With no edits of any kind, print each record that follows.

** Opening Materials provided block **

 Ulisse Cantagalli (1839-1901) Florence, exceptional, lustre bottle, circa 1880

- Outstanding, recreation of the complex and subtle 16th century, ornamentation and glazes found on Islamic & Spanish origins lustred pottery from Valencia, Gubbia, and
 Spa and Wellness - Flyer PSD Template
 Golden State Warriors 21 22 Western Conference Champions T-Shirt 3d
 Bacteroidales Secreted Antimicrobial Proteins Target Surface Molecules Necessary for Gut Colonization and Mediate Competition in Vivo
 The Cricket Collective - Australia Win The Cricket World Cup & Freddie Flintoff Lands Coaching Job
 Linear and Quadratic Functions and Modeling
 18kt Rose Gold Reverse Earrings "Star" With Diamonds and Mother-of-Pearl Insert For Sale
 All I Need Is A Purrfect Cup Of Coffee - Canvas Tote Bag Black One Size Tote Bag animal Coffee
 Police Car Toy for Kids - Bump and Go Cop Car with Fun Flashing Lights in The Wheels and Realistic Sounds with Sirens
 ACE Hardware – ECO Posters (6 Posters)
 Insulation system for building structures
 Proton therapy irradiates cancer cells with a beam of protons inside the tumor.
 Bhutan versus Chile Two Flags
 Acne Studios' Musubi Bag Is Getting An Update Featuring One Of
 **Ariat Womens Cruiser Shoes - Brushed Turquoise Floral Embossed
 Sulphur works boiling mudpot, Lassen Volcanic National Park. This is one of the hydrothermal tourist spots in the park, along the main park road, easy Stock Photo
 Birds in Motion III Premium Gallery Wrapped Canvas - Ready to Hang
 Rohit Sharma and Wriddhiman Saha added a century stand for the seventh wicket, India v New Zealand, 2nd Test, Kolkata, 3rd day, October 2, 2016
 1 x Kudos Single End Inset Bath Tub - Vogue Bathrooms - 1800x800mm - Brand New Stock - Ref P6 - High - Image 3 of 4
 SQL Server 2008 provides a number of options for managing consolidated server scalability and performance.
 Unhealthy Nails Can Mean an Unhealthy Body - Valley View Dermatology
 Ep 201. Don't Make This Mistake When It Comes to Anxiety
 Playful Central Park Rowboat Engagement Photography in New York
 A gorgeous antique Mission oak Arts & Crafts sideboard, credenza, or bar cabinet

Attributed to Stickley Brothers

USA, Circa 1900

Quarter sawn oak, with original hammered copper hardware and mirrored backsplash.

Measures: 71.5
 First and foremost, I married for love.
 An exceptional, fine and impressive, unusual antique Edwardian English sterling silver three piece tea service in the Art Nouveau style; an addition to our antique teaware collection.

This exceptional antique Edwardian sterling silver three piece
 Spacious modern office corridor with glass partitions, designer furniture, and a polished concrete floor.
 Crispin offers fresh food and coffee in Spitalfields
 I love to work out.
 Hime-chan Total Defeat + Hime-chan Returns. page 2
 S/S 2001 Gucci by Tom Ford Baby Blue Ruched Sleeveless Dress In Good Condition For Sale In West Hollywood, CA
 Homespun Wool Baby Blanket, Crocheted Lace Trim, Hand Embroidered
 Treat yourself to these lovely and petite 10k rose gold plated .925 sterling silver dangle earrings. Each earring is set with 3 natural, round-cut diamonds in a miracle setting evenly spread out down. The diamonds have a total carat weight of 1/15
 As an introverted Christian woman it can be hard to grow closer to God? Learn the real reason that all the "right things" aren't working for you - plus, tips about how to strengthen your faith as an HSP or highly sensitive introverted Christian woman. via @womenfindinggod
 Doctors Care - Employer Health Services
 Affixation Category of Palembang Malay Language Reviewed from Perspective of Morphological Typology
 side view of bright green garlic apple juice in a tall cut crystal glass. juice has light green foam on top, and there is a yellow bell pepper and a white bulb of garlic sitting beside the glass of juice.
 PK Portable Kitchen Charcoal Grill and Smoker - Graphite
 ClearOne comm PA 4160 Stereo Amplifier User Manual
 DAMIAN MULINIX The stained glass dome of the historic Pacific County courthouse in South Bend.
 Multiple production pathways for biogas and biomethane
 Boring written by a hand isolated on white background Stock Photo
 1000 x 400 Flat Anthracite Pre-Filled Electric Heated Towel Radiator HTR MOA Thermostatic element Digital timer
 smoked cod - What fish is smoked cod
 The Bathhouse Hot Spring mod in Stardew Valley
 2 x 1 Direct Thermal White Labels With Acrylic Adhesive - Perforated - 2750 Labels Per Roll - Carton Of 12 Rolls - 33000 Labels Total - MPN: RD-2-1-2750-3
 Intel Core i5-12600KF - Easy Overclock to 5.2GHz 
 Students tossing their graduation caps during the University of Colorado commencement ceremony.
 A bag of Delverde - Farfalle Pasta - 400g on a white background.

** Closing Materials provided block **

§ **Result for this task**
 Ulisse Cantagalli (1839-1901) Florence, exceptional, lustre bottle, circa 1880

- Outstanding, recreation of the complex and subtle 16th century, ornamentation and glazes found on Islamic & Spanish origins lustred pottery from Valencia, Gubbia, and
 Spa and Wellness - Flyer PSD Template
 Golden State Warriors 21 22 Western Conference Champions T-Shirt 3d
 Bacteroidales Secreted Antimicrobial Proteins Target Surface Molecules Necessary for Gut Colonization and Mediate Competition in Vivo
 The Cricket Collective - Australia Win The Cricket World Cup & Freddie Flintoff Lands Coaching Job
 Linear and Quadratic Functions and Modeling
 18kt Rose Gold Reverse Earrings "Star" With Diamonds and Mother-of-Pearl Insert For Sale
 All I Need Is A Purrfect Cup Of Coffee - Canvas Tote Bag Black One Size Tote Bag animal Coffee
 Police Car Toy for Kids - Bump and Go Cop Car with Fun Flashing Lights in The Wheels and Realistic Sounds with Sirens
 ACE Hardware – ECO Posters (6 Posters)
 Insulation system for building structures
 Proton therapy irradiates cancer cells with a beam of protons inside the tumor.
 Bhutan versus Chile Two Flags
 Acne Studios' Musubi Bag Is Getting An Update Featuring One Of
 **Ariat Womens Cruiser Shoes - Brushed Turquoise Floral Embossed
 Sulphur works boiling mudpot, Lassen Volcanic National Park. This is one of the hydrothermal tourist spots in the park, along the main park road, easy Stock Photo
 Birds in Motion III Premium Gallery Wrapped Canvas - Ready to Hang
 Rohit Sharma and Wriddhiman Saha added a century stand for the seventh wicket, India v New Zealand, 2nd Test, Kolkata, 3rd day, October 2, 2016
 1 x Kudos Single End Inset Bath Tub - Vogue Bathrooms - 1800x800mm - Brand New Stock - Ref P6 - High - Image 3 of 4
 SQL Server 2008 provides a number of options for managing consolidated server scalability and performance.
 Unhealthy Nails Can Mean an Unhealthy Body - Valley View Dermatology
 Ep 201. Don't Make This Mistake When It Comes to Anxiety
 Playful Central Park Rowboat Engagement Photography in New York
 A gorgeous antique Mission oak Arts & Crafts sideboard, credenza, or bar cabinet

Attributed to Stickley Brothers

USA, Circa 1900

Quarter sawn oak, with original hammered copper hardware and mirrored backsplash.

Measures: 71.5
 First and foremost, I married for love.
 An exceptional, fine and impressive, unusual antique Edwardian English sterling silver three piece tea service in the Art Nouveau style; an addition to our antique teaware collection.

This exceptional antique Edwardian sterling silver three piece
 Spacious modern office corridor with glass partitions, designer furniture, and a polished concrete floor.
 Crispin offers fresh food and coffee in Spitalfields
 I love to work out.
 Hime-chan Total Defeat + Hime-chan Returns. page 2
 S/S 2001 Gucci by Tom Ford Baby Blue Ruched Sleeveless Dress In Good Condition For Sale In West Hollywood, CA
 Homespun Wool Baby Blanket, Crocheted Lace Trim, Hand Embroidered
 Treat yourself to these lovely and petite 10k rose gold plated .925 sterling silver dangle earrings. Each earring is set with 3 natural, round-cut diamonds in a miracle setting evenly spread out down. The diamonds have a total carat weight of 1/15
 As an introverted Christian woman it can be hard to grow closer to God? Learn the real reason that all the "right things" aren't working for you - plus, tips about how to strengthen your faith as an HSP or highly sensitive introverted Christian woman. via @womenfindinggod
 Doctors Care - Employer Health Services
 Affixation Category of Palembang Malay Language Reviewed from Perspective of Morphological Typology
 side view of bright green garlic apple juice in a tall cut crystal glass. juice has light green foam on top, and there is a yellow bell pepper and a white bulb of garlic sitting beside the glass of juice.
 PK Portable Kitchen Charcoal Grill and Smoker - Graphite
 ClearOne comm PA 4160 Stereo Amplifier User Manual
 DAMIAN MULINIX The stained glass dome of the historic Pacific County courthouse in South Bend.
 Multiple production pathways for biogas and biomethane
 Boring written by a hand isolated on white background Stock Photo
 1000 x 400 Flat Anthracite Pre-Filled Electric Heated Towel Radiator HTR MOA Thermostatic element Digital timer
 smoked cod - What fish is smoked cod
 The Bathhouse Hot Spring mod in Stardew Valley
 2 x 1 Direct Thermal White Labels With Acrylic Adhesive - Perforated - 2750 Labels Per Roll - Carton Of 12 Rolls - 33000 Labels Total - MPN: RD-2-1-2750-3
 Intel Core i5-12600KF - Easy Overclock to 5.2GHz 
 Students tossing their graduation caps during the University of Colorado commencement ceremony.
 A bag of Delverde - Farfalle Pasta - 400g on a white background.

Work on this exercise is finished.